Christian Kauten · Answer 47 · Sat Jan 05 2019 06:12:14 GMT+0800 (China Standard Time)

The new back-end is in place with all basic features :) I'll release the code sometime today under 3.0.0 hopefully with this bug completely resolved. I haven't run a true performance test yet, but this back-end seems quite a bit faster. It was definitely easier to work with! Will close issue for now, but wont be surprised to see it open back up lol.

Christian Kauten · Answer 48 · Sat Jan 05 2019 06:14:20 GMT+0800 (China Standard Time)

whoops it'll be version 6.0.2 actually. nes-py is the one at 3.0.0.

Christian Kauten · Answer 49 · Sat Jan 05 2019 06:23:12 GMT+0800 (China Standard Time)

using tqm to measure execution time:

from nes_py import NESEnv
import tqdm
env = NESEnv('./nes_py/tests/games/smb1.nes')

done = True

try:
    for _ in tqdm.tqdm(range(5000)):
        if done:
            state = env.reset()
            done = False
        else:
            state, reward, done, info = env.step(env.action_space.sample())
except KeyboardInterrupt:
    pass

I get 456 iterations per second using 2.0.0 of nes-py and 537 iterations per second using 3.0.0. About a 17% increase.

Elias Hasle · Answer 50 · Sun Jan 06 2019 17:50:34 GMT+0800 (China Standard Time)

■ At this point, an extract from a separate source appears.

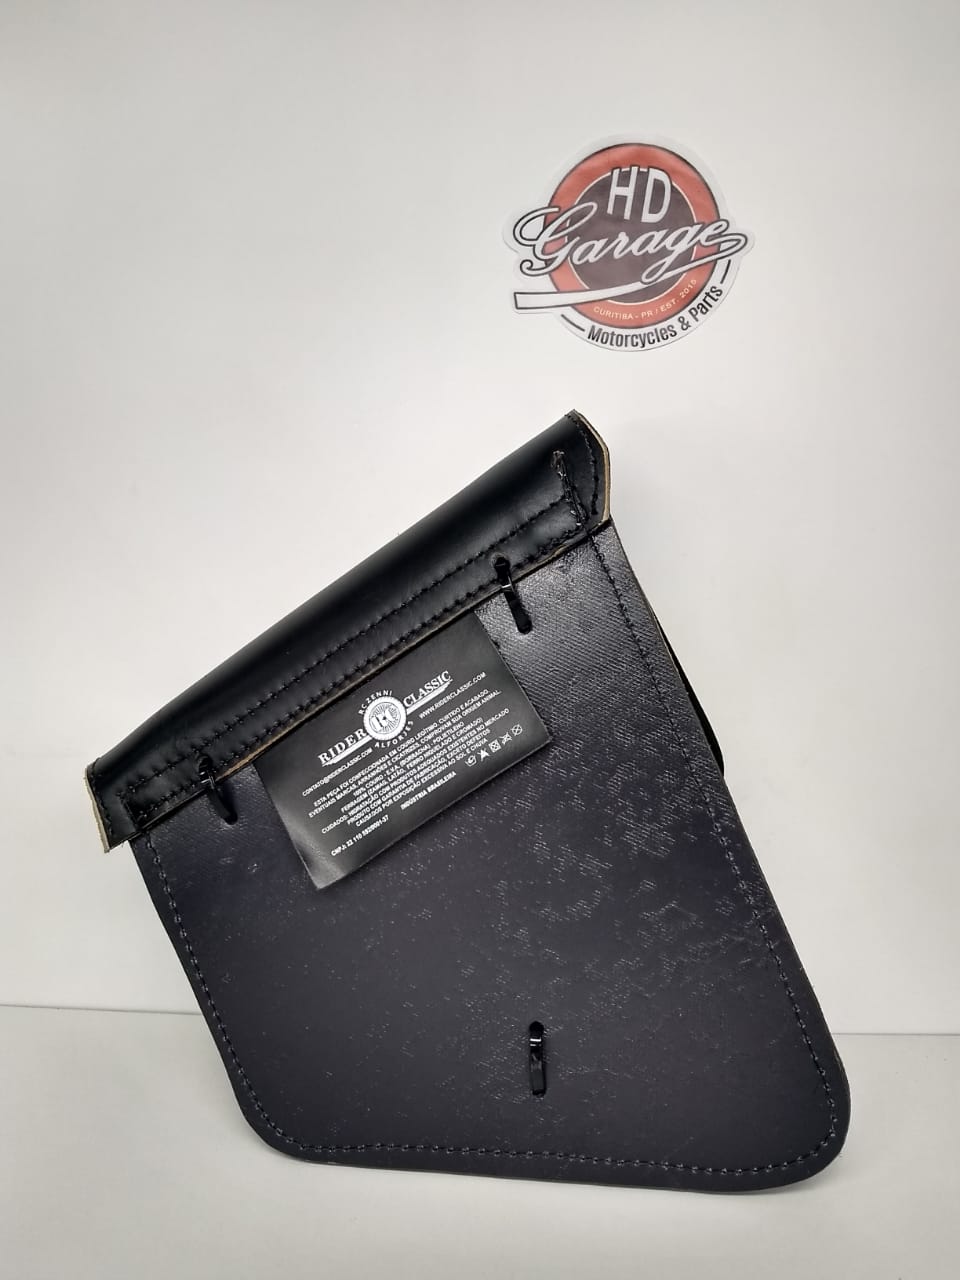 Bolsa de Balança em Couro - Motivo Bar & Shield - HD Softail - 2 Litros - Preta com Bordas Lixadas - 008/15503

A similar test with retro reveals that it performs about 3.5 times better, both with and without rendering to screen. I almost decided to use that instead, but it turned out to not support multiple emulator instances per process. I am happy to see that the newest version of nes-py is so flexible with regards to this. I am considering having multiple environment instances in each thread too, e.g. to send batches of frames from independent games throughthe same neural network. I may end up using both nes-py and retro, actually, for different things (must take care to have compatible reward functions if rewards will be used). Good job! :-)

Christian Kauten · Answer 51 · Mon Jan 07 2019 00:24:15 GMT+0800 (China Standard Time)

Yea I'm not sure quite yet what trickery gets retro up to such a high frame rate. I was able to squeak out another 100 FPS from nes-py just by rearranging the C++ code here and there, so it's likely that more free performance gains are hidden in the code. Will continue reading up on C++ and injecting optimizations where possible. It would be great to dethrone their emulator!